Wednesday, January 2, 2013

The book is always better


Book: Batman: The Dark Knight Returns
Author: Frank Miller
Published: 1986 (DC)
Pages: 188

A couple Saturdays ago, I convinced my boyfriend it would be a good idea for us to watch the DC animated version of The Dark Knight comic run DVD he had checked out of the library. He groaned, said the DC animations were all terrible, and then we watched it anyway so we could practice for our Riff Trax auditions.

It was, indeed, not good. Better than the Green Lantern promo (which apparently used The Incredibles’ nonunion knockoff imitator for their CGI), though – and every time the paper comic came up, my boyfriend said it was one of the best. Cognitive dissonance and an empty afternoon got me to borrow it from him.



With only a couple hours and lunch between the animation and the comic, I couldn’t separate the two. I was reading all the cheesy ticks (lame trying-to-be-hip dialogue, lines of talking heads from TV giving too-pointed commentary, a bright sterile Arkham) straight from an illustrated script. So I put it down.

But about a week and a half later, I picked it up again, backtracked a few pages, and fell in. I got over the little hump where the animation had ended and discovered a better backstory for the ridiculous villains, the new Robin rapidly gaining her feet, and the newscasts getting more useful juxtaposed against the action they were talking about. Plus the Joker woke up and started releasing doll bombs that insulted people and cold fly. I KNOW.

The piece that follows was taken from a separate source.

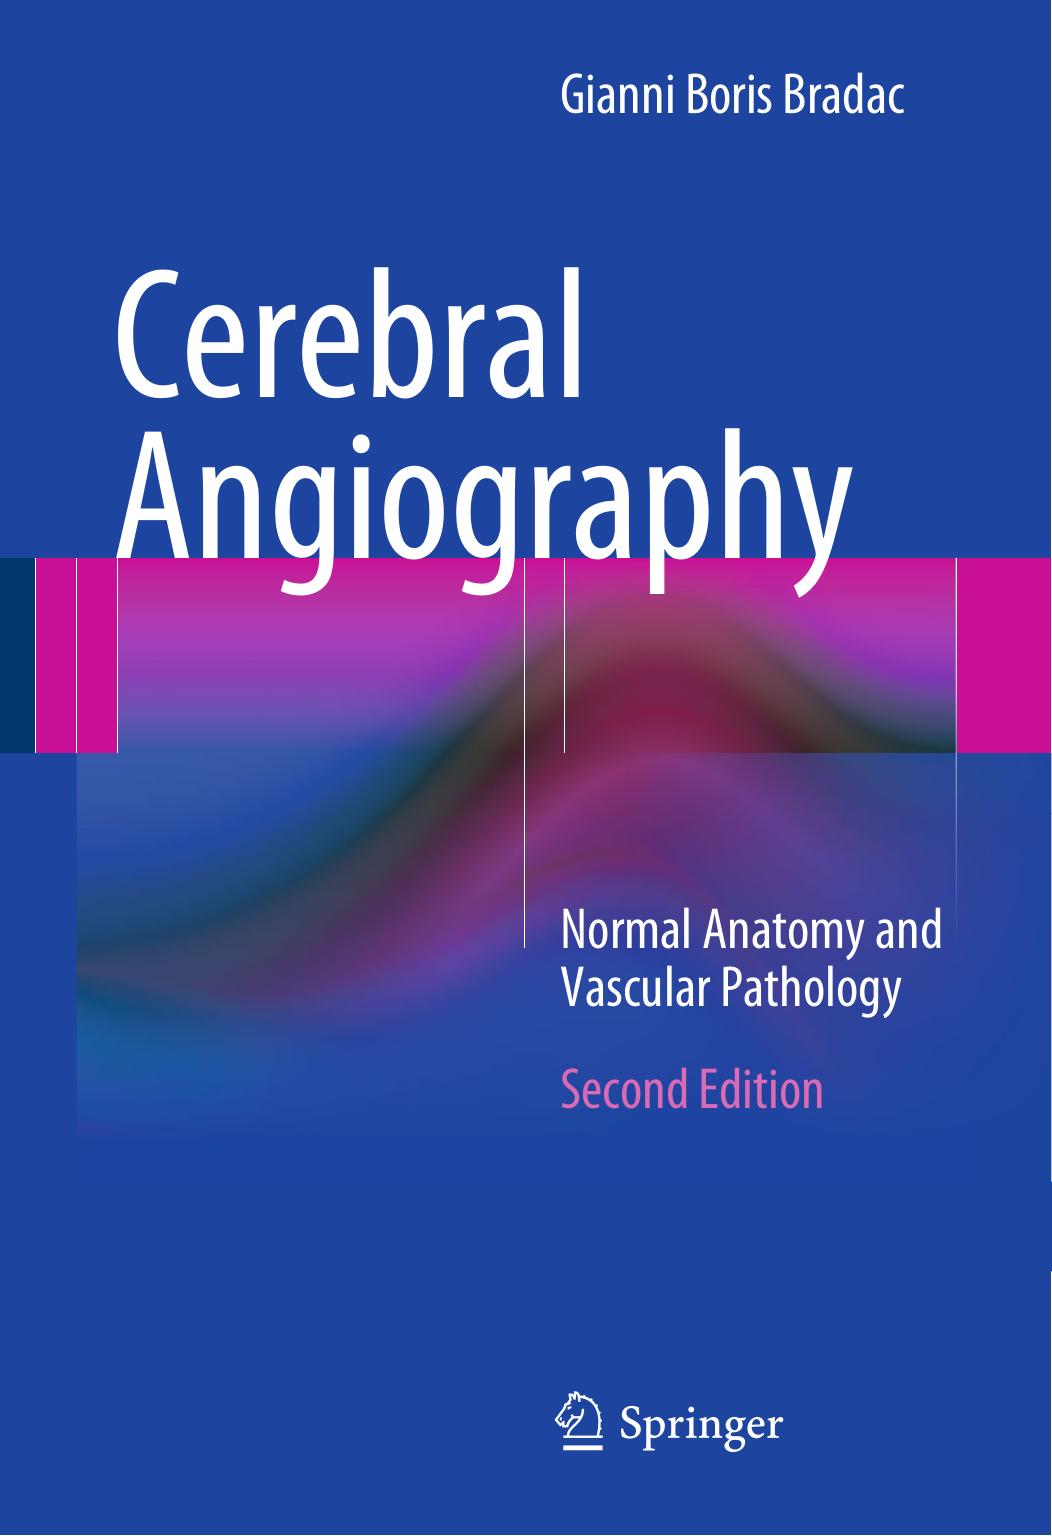 Cerebral Angiography-Normal Anatomy and Vascular Pathology.jpg

And then Superman showed up, not quite randomly but definitely as a counterpoint to Batman. Superman’s introduction, in a row of panels where a waving American flag gradually morphs in his cape while he and the President are discussing duty off-panel, was my favorite bit of storytelling here. It did so much with beautiful simplicity.

The rest of the art was sort of ‘80s-tastic in a good way, with geometric shapes and non-neutral colors that stayed muted enough to keep focus on the whole picture. I liked that Robin was completely gender neutral and so distinctive at the same time, and I liked that the mayor was shaped a lot like the Joker’s bomb maker. I was waiting for them to be the same person (they’re not).

The story climax and ending suddenly jolted me into remembering that hey, this series is called the same thing as Nolan’s last two movies. But it’s just one (really crucial) detail; the rest is totally original and just as dark. The ending does make better and more interesting sense here because of what Batman does with it.

So – a keeper. My boyfriend has been long convinced, and now so am I.